Monday, 6 April 2015

Review of 'The Powers That B' by Death Grips


The Californian experimental hip hoppers continue to push sonic boundaries on their supposedly final album, but is it an explosive enough ending to make up for their unpredictable and action-packed career?

When friends, family members and random elderly strangers in the street ask me why I like Death Grips, my response is usually something illogical and vague like ‘because they’re nuts’. The truth is, I’m not entirely sure myself as to why I love Death Grips. Their music is largely unmusical. Vocalist MC Ride sounds like a hobo whose stubbed his toe and even with a lyric sheet, it’s hard to make out whether he’s spurting out dense poetry or simply nonsense.

'I'm epiphanic amnesia! I'm in Jimmy Page's castle! I'm off the planet!' - MC Ride
In many ways, it is simply the mystery of not understanding Death Grips that is the appeal – that and the fact that their raw aggression is so primal and thrilling.

Last year, scrawled apathetically on the back of a napkin as is their style, the band announced their breakup, stating: ‘We are now at our best and so Death Grips is over’. Assuming it’s not just another publicity stunt, The Powers that B is the group’s final album.

Essentially it’s two records disguised as a double album. The first half, Niggas on the Moon, was released before the band’s breakup and I rambled briefly about it on this blog. Having listened to it a few times, I’ve grown to appreciate it. It’s the band’s most proggy album yet, consisting of complex songs with changing time signatures, interspersed with random chopped-up Bjork vocals. MC Ride’s voice meanwhile is at its most clearest, whilst his lyrics are some of his most impenetrable: ‘melanin pewter cellophane/ arms as long as their legs/ even the greys can’t/ voila’.

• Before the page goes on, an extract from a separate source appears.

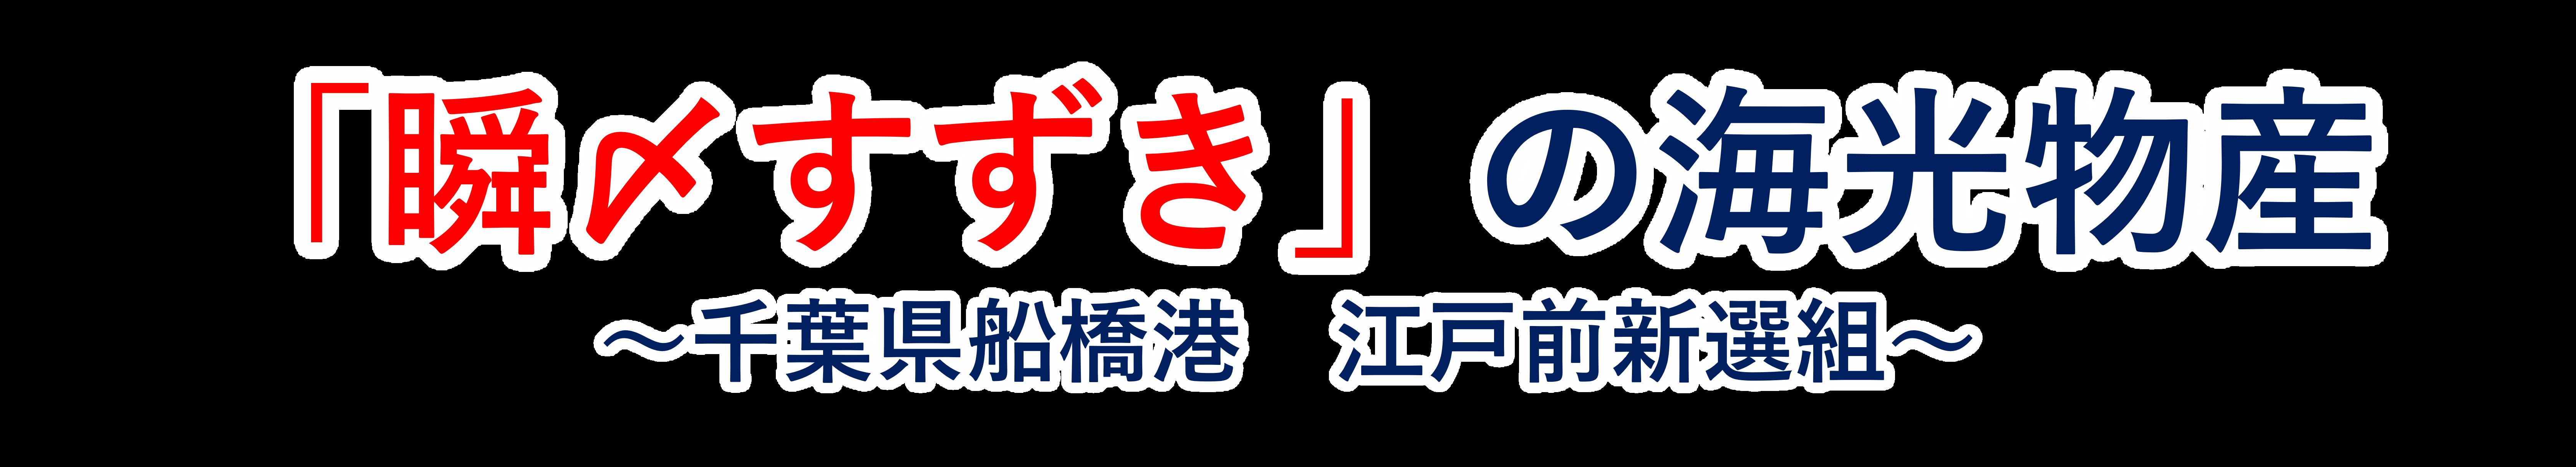 「瞬〆すずき」の海光物産 ~千葉県船橋港 江戸前新鮮組~
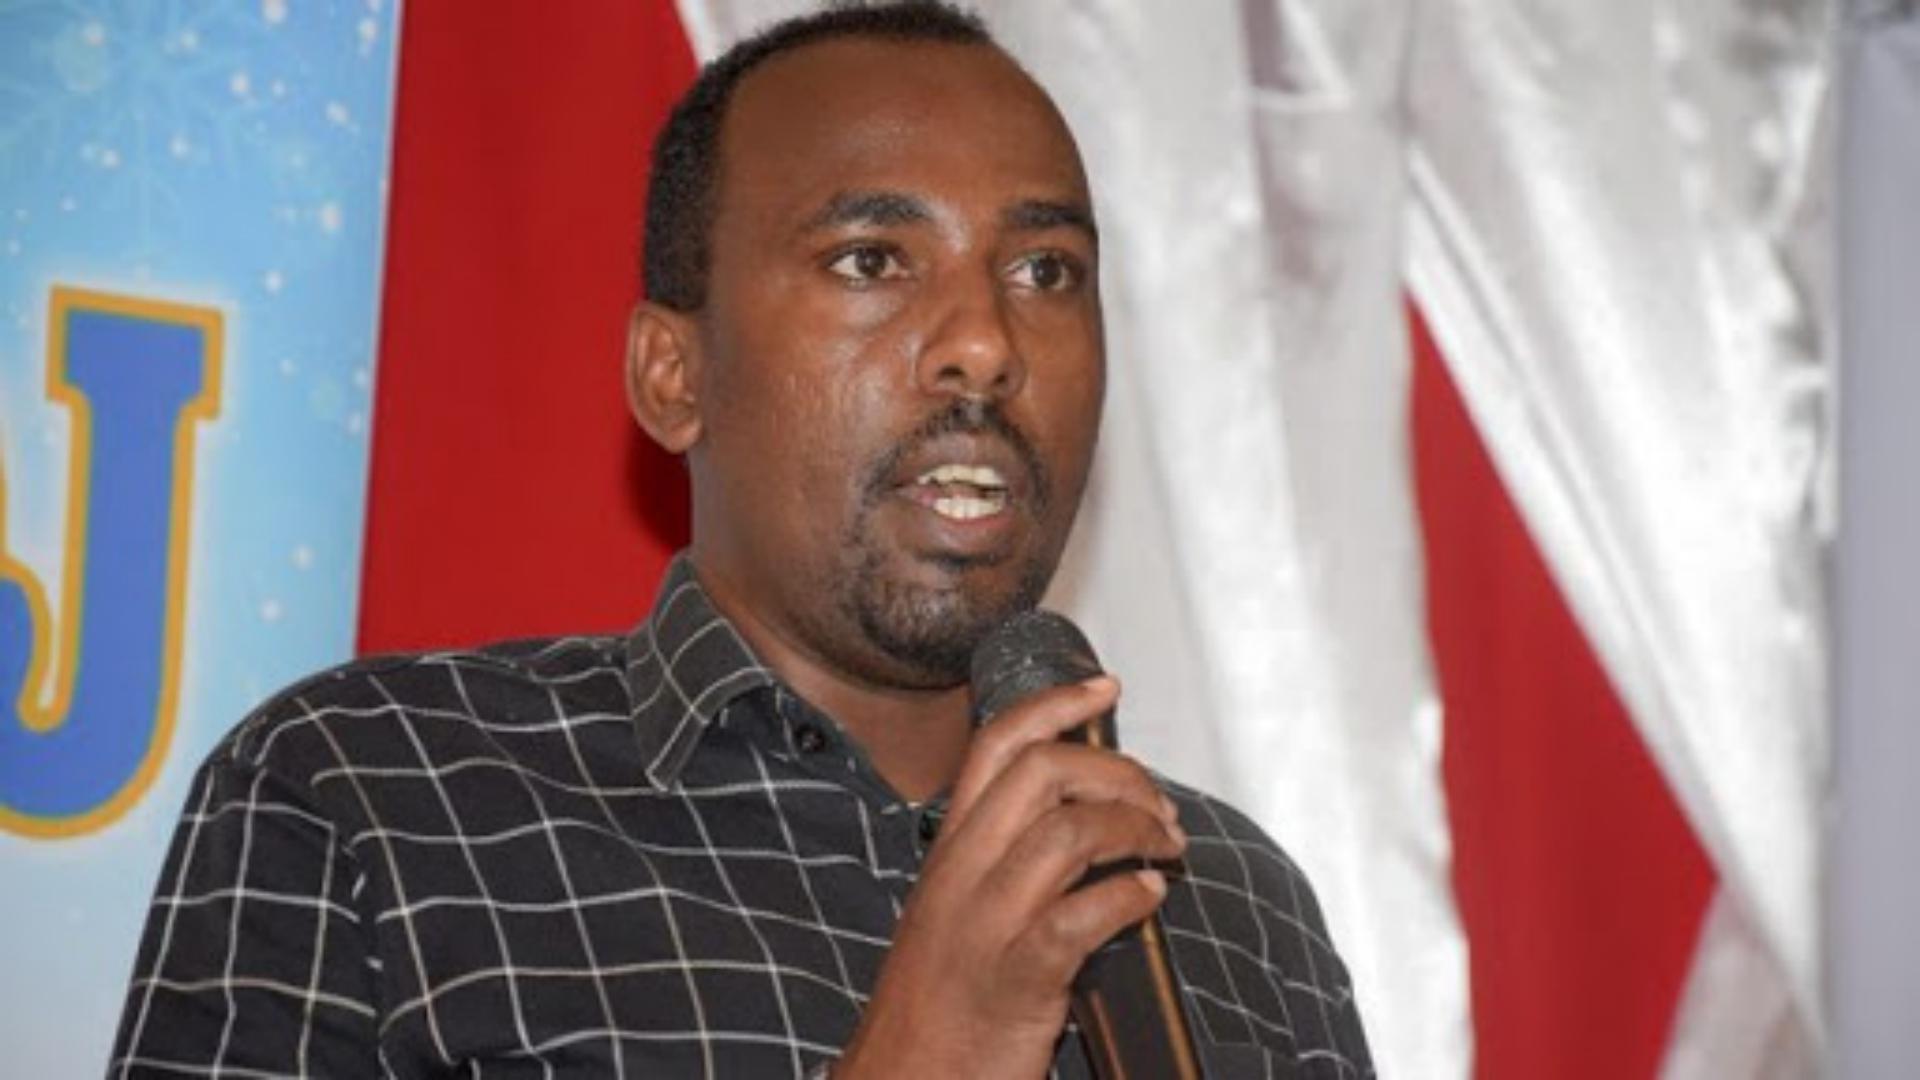 Somalie: le journaliste Mukhtar Mohamed Atosh de VOA libéré.

The second part of The Powers that B was released a couple weeks ago and is titled Jenny Death. Unlike its counterpart, there’s less progginess, less word salad and less chopped-up Bjork vocals. In fact, the glitchy Bjork vocals have been traded in completely for a new motif – guitars. Many of the songs contain distorted hardcore punk riffs – namely ‘Turned Off’ and ‘Why a Bitch Got A Lie’. Whilst Niggas on the Moon is the band’s proggiest release, Jenny Death can be viewed as their most punky.  

Prog and punk are essentially ying and yang musically – one celebrating depth and complexity, the other celebrating rawness and simplicity. Consequently, the two halves of The Powers That B don’t feel very cohesive as a whole. Maybe it was Death Grips’ intention to show how schizophrenic they can be stylistically. Personally, I feel I’m tempted to listen to one at a time rather than both as a whole, suggesting they should be two separate albums.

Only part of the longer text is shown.